What you have to do |
Each line in the records that mentions the word "Power" needs to be listed.

Listed entries |
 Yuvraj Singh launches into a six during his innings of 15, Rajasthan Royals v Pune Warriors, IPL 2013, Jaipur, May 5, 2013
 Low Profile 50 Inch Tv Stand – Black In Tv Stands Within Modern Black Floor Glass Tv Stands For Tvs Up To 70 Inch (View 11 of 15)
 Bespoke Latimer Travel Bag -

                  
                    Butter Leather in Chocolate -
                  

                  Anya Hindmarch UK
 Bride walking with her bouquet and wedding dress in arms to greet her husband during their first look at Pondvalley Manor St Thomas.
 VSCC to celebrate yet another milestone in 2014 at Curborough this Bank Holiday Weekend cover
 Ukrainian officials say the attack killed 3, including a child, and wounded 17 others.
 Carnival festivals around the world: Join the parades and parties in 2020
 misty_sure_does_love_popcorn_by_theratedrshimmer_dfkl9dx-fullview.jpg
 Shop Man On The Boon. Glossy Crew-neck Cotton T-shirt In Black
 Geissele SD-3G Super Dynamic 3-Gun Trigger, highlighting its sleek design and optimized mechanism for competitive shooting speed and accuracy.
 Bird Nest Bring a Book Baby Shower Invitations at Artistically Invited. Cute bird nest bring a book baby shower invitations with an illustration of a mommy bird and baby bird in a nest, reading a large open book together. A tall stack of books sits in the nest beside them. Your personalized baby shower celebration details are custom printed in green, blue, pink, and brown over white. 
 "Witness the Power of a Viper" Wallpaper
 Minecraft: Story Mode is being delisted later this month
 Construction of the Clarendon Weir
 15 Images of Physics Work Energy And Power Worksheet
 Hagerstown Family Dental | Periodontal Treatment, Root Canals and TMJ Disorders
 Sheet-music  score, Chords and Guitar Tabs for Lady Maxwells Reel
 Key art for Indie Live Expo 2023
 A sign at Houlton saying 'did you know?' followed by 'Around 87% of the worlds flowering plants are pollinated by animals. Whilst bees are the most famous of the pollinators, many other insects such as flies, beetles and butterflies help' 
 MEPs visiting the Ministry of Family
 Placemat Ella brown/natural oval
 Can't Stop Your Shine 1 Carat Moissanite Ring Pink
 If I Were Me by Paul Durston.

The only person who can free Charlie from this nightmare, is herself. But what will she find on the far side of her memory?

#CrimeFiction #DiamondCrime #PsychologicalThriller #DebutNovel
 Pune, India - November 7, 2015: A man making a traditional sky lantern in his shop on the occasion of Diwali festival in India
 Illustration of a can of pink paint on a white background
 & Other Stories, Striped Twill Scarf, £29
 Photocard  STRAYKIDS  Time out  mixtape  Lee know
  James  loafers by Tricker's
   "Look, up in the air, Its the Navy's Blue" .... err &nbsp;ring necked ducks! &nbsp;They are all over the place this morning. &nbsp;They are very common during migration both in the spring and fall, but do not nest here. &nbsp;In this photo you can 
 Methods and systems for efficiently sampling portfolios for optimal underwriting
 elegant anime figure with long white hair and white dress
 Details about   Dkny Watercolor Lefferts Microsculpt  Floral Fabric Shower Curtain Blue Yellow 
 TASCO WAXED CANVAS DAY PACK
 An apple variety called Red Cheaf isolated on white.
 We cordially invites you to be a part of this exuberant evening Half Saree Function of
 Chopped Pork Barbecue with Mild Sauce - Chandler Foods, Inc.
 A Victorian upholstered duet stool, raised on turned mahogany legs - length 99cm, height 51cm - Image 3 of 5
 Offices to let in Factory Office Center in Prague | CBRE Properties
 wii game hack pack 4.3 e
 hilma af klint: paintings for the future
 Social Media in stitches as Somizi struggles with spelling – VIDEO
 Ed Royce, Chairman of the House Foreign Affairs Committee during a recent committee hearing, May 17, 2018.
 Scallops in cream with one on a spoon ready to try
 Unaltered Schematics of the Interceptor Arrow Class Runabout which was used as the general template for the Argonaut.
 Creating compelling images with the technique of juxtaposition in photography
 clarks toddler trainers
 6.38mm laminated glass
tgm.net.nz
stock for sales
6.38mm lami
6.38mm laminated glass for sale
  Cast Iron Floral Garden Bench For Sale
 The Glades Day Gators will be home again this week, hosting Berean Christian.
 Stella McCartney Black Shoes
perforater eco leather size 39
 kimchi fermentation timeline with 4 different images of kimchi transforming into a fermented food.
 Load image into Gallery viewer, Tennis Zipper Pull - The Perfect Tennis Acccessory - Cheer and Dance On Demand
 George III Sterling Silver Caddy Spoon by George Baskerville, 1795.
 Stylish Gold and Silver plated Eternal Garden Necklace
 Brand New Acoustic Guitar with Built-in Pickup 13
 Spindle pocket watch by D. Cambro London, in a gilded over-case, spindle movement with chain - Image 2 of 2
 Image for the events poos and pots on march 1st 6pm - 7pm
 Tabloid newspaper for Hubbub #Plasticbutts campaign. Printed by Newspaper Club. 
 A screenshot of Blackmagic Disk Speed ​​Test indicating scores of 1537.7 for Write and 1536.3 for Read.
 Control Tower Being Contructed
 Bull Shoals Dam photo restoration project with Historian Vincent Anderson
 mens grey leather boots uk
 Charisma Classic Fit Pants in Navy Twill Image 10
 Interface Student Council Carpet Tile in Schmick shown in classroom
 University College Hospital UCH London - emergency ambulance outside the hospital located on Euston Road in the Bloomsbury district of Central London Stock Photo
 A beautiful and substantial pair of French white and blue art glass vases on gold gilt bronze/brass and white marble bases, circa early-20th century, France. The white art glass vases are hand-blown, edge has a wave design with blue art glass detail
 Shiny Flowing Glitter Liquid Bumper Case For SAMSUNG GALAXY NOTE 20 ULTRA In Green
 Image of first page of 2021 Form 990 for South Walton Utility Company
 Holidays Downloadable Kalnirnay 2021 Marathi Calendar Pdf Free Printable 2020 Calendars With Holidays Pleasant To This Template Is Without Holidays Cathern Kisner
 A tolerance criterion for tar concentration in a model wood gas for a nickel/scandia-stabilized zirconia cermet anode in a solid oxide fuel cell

Written answer |
 "Witness the Power of a Viper" Wallpaper
 15 Images of Physics Work Energy And Power Worksheet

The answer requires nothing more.